Discovered SEAGATE ST373405FC S/N "3EK0V6SG" on /dev/sg9 [SES] (Not Enabling SMART)(70007 MB)

(Note percentage complete information and time remaining will appear and automatically update as this procedure progresses. This is not shown below)

Beginning SANtools fitness test for SEAGATE ST373405FC at /dev/sg9 (143374740 blocks, blocksize=512)

Block 145614 Sense: 4/32/00 [Controller/drive hardware failed] No defect spare location available

Block 145615 Sense: 3/11/00 [Drive media failed] Unrecovered read error

Block 145616 Sense: 3/11/00 [Drive media failed] Unrecovered read error

Block 145617 Sense: 3/11/00 [Drive media failed] Unrecovered read error

Block 145618 Sense: 4/32/00 [Controller/drive hardware failed] No defect spare location available

Block 145619 Sense: 4/32/00 [Controller/drive hardware failed] No defect spare location available

 

Block scrubbing error summary:

Block 145614 4/32/00 Count=1 [Controller/drive hardware failed] No defect spare location available

Block 145615 3/11/00 Count=3 [Drive media failed] Unrecovered read error

Block 145616 3/11/00 Count=3 [Drive media failed] Unrecovered read error

Block 145617 3/11/00 Count=3 [Drive media failed] Unrecovered read error

Block 145618 4/32/00 Count=3 [Controller/drive hardware failed] No defect spare location available

Block 145619 4/32/00 Count=2 [Controller/drive hardware failed] No defect spare location available

 

Program Ended.

 

Completion and Test Time

The -scrub command reports errors at the block level, by reading each block individually. As such, it sacrifices speed for granularity. Our 146GB 15000RPM SAS disk takes 10 hours to complete using these options. If you don't care about individual block numbers, but still want a count of the bad blocks, then use the -scrubq which reads 32 blocks at a time.
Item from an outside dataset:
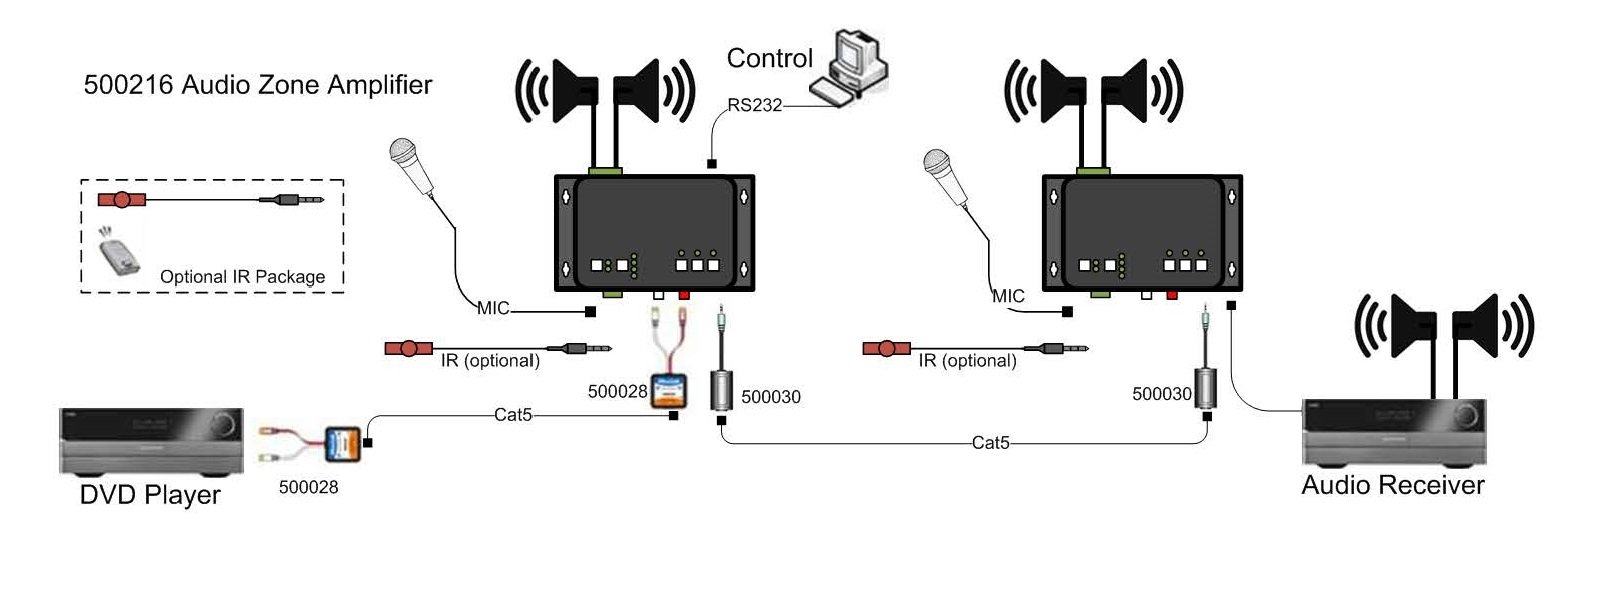 Audio Zone Amplifier - Muxlab
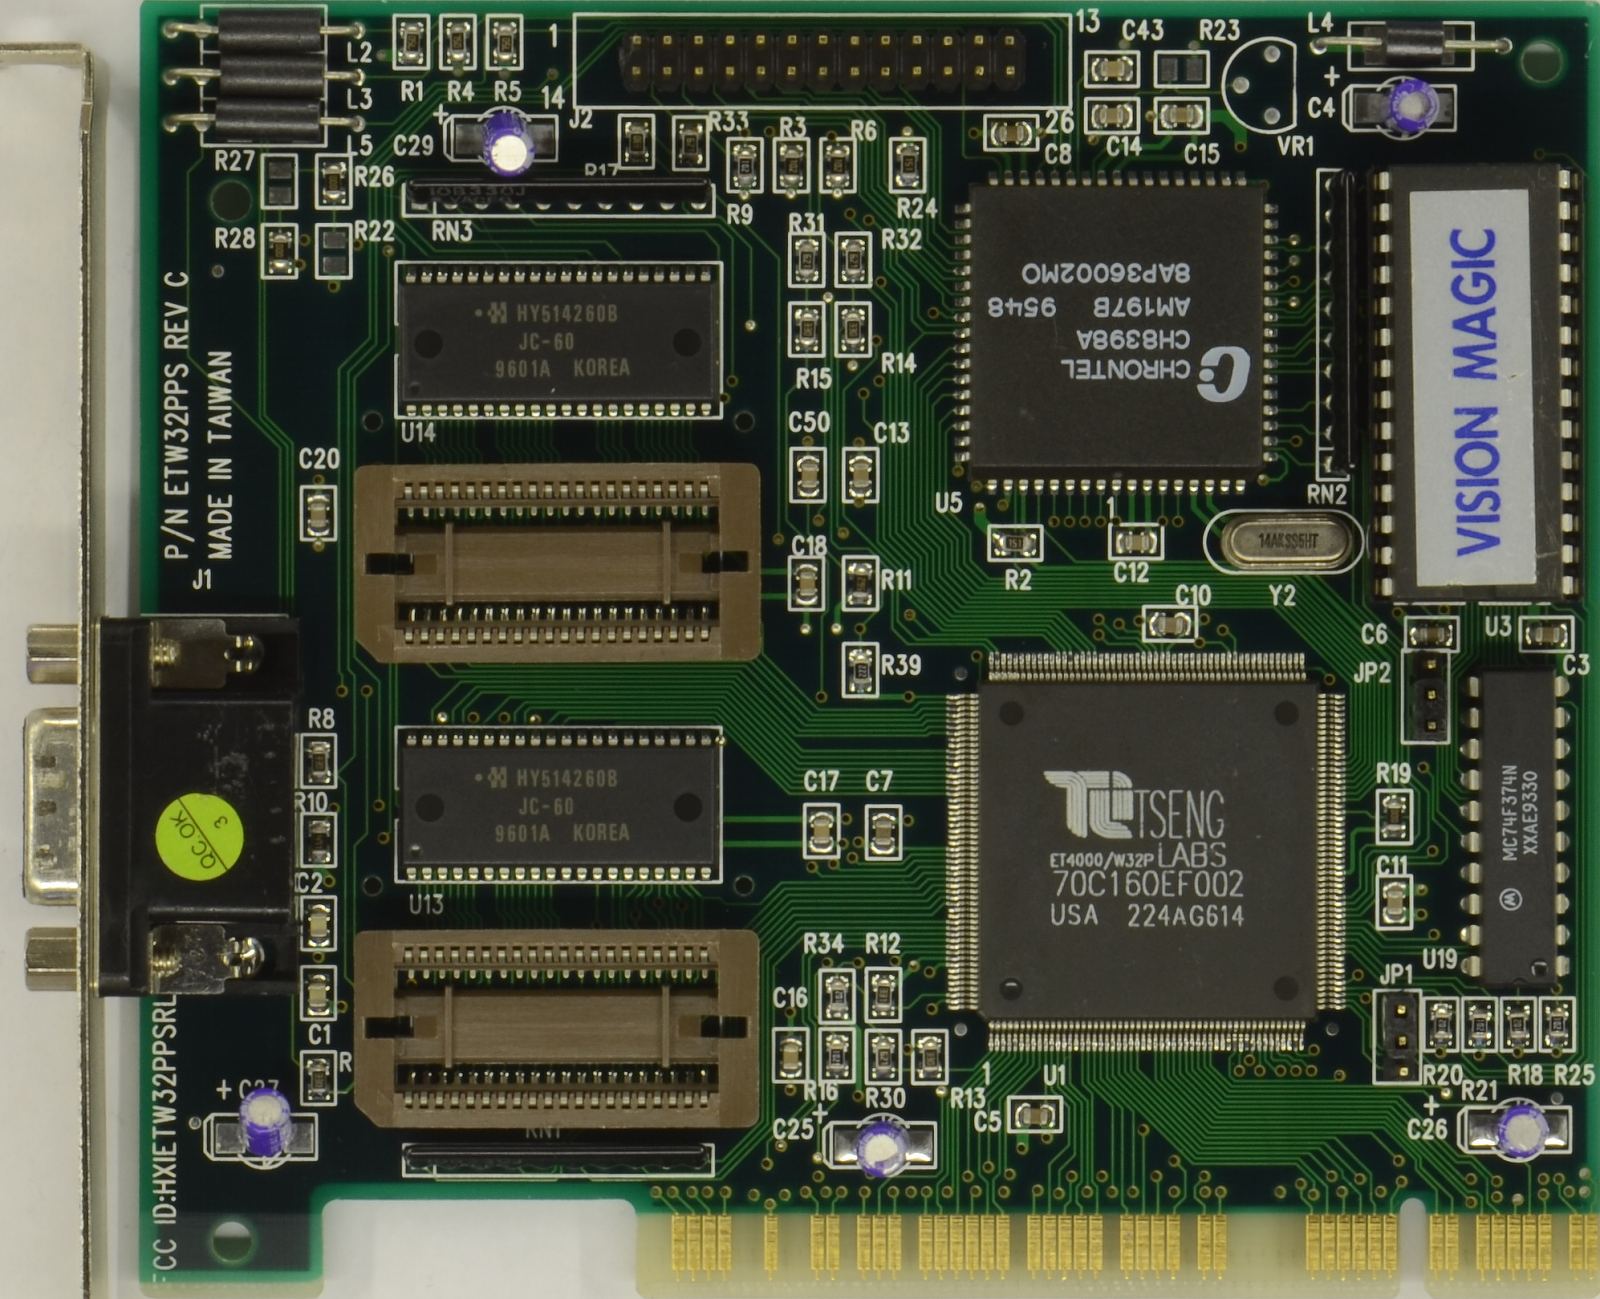 Tseng Labs ET4000/W32P SVGA graphics controller chip

The same disk that took 10 hours to test with the -scrubq command takes 32 minutes to complete.

 

If you just need a pass-fail test too see if a particular disk has any read problems, then be sure to add the -scrubt option so that it terminates on the first error.  The results below were run on the same disk which has bad blocks which we created with this software on blocks 123 and 456.

 

Slow, Detailed Report

time /etc/smartmon-ux -scrub /dev/rdsk/c4t15d0s0

SMARTMon-UX [Release 1.36, Build 10-JUN-2008] - Copyright 2001-2008 SANtools(R), Inc. http://www.SANtools.com

Discovered SEAGATE ST3146855SS S/N "3LN29ZZ5" on /dev/rdsk/c4t15d0s0 (Not Enabling SMART)(140014 MB)

 

 

Block scrubbing error summary:

Block 123 4/09/00 Count=3 [Controller/drive hardware failed] Track following error

Block 456 4/09/00 Count=3 [Controller/drive hardware failed] Track following error

 

 

Program Ended.

 

 

real    10h35m40.22s

user    27m8.57s

sys     2h43m53.15s

 

Faster Report

# time ./smartmon-ux -scrubq /dev/rdsk/c4t15d0s0

SMARTMon-UX [Release 1.36, Build 10-JUN-2008] - Copyright 2001-2008 SANtools(R), Inc. http://www.SANtools.com

Discovered SEAGATE ST3146855SS S/N "3LN29ZZ5" on /dev/rdsk/c4t15d0s0 (Not Enabling SMART)(140014 MB)

 

 

Block scrubbing error summary:

Blocks 96 - 112 4/09/00 Count=3 [Controller/drive hardware failed] Track following error

Blocks 448 - 464 4/09/00 Count=3 [Controller/drive hardware failed] Track following error

 

 

Program Ended.

real    32m15.85s

user    2m20.74s

sys     5m18.14s

 

Fastest

time ./smartmon-ux -scrubq -scrubt /dev/rdsk/c4t15d0s0

SMARTMon-UX [Release 1.36, Build 10-JUN-2008] - Copyright 2001-2008 SANtools(R), Inc. http://www.SANtools.com

Discovered SEAGATE ST3146855SS S/N "3LN29ZZ5" on /dev/rdsk/c4t15d0s0 (Not Enabling SMART)(140014 MB)

 

 

Block scrubbing error summary:

Blocks 96 - 128 4/09/00 Count=1 [Controller/drive hardware failed] Track following error

 

 

real    0m1.67s

user    0m0.00s

sys     0m0.02s

 

If your disks support background media scanning, then you can just ask the disk if it has any problems via the -bmsr command (assuming scanning is enabled).  This will generate a report based on the last background scan the selected disk ran, and any subsequent activity since that scan. It will take less than a second to report all bad blocks on the disk, regardless of how many you have and where they are located.  The disk retains this information through power-cycles.

 

time ./smartmon-ux -scrubq -scrubt /dev/rdsk/c4t15d0s0

SMARTMon-UX [Release 1.36, Build 10-JUN-2008] - Copyright 2001-2008 SANtools(R), Inc. http://www.SANtools.com

Discovered SEAGATE ST3146855SS S/N "3LN29ZZ5" on /dev/rdsk/c4t15d0s0 (Not Enabling SMART)(140014 MB)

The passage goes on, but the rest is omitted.